Gao Minghui, Monian Prashant, Quadri Nosirudeen, Ramasamy Ravichandran, Jiang Xuejun
Cell Biology Program, Memorial Sloan-Kettering Cancer Center, 1275 York Avenue, New York, NY 10065, USA.
Department of Medicine, Langone Medical Center, New York University, 522 1(st) Avenue, New York, NY 10016, USA.
Mol Cell. 2015 Jul 16;59(2):298-308. doi: 10.1016/j.molcel.2015.06.011. Epub 2015 Jul 9.

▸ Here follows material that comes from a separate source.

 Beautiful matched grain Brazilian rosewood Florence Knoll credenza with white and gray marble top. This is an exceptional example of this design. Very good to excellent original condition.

Ferroptosis has emerged as a new form of regulated necrosis that is implicated in various human diseases. However, the mechanisms of ferroptosis are not well defined. This study reports the discovery of multiple molecular components of ferroptosis and its intimate interplay with cellular metabolism and redox machinery. Nutrient starvation often leads to sporadic apoptosis. Strikingly, we found that upon deprivation of amino acids, a more rapid and potent necrosis process can be induced in a serum-dependent manner, which was subsequently determined to be ferroptosis. Two serum factors, the iron-carrier protein transferrin and amino acid glutamine, were identified as the inducers of ferroptosis. We further found that the cell surface transferrin receptor and the glutamine-fueled intracellular metabolic pathway, glutaminolysis, played crucial roles in the death process. Inhibition of glutaminolysis, the essential component of ferroptosis, can reduce heart injury triggered by ischemia/reperfusion, suggesting a potential therapeutic approach for treating related diseases.
铁死亡已成为一种新的程序性坏死形式,与多种人类疾病有关。然而,铁死亡的机制尚不清楚。本研究报告了铁死亡的多个分子成分的发现及其与细胞代谢和氧化还原机制的密切相互作用。营养饥饿常导致散发性细胞凋亡。令人惊讶的是,我们发现,在缺乏氨基酸的情况下,可通过血清依赖性方式诱导更快速、更有效的坏死过程,随后确定这一过程为铁死亡。两种血清因子,铁载体蛋白转铁蛋白和氨基酸谷氨酰胺,被确定为铁死亡的诱导剂。我们进一步发现,细胞表面转铁蛋白受体和由谷氨酰胺驱动的细胞内代谢途径——谷氨酰胺分解代谢,在死亡过程中起关键作用。抑制谷氨酰胺分解代谢(铁死亡的关键组成部分)可减轻缺血/再灌注引发的心脏损伤,提示了一种治疗相关疾病的潜在治疗方法。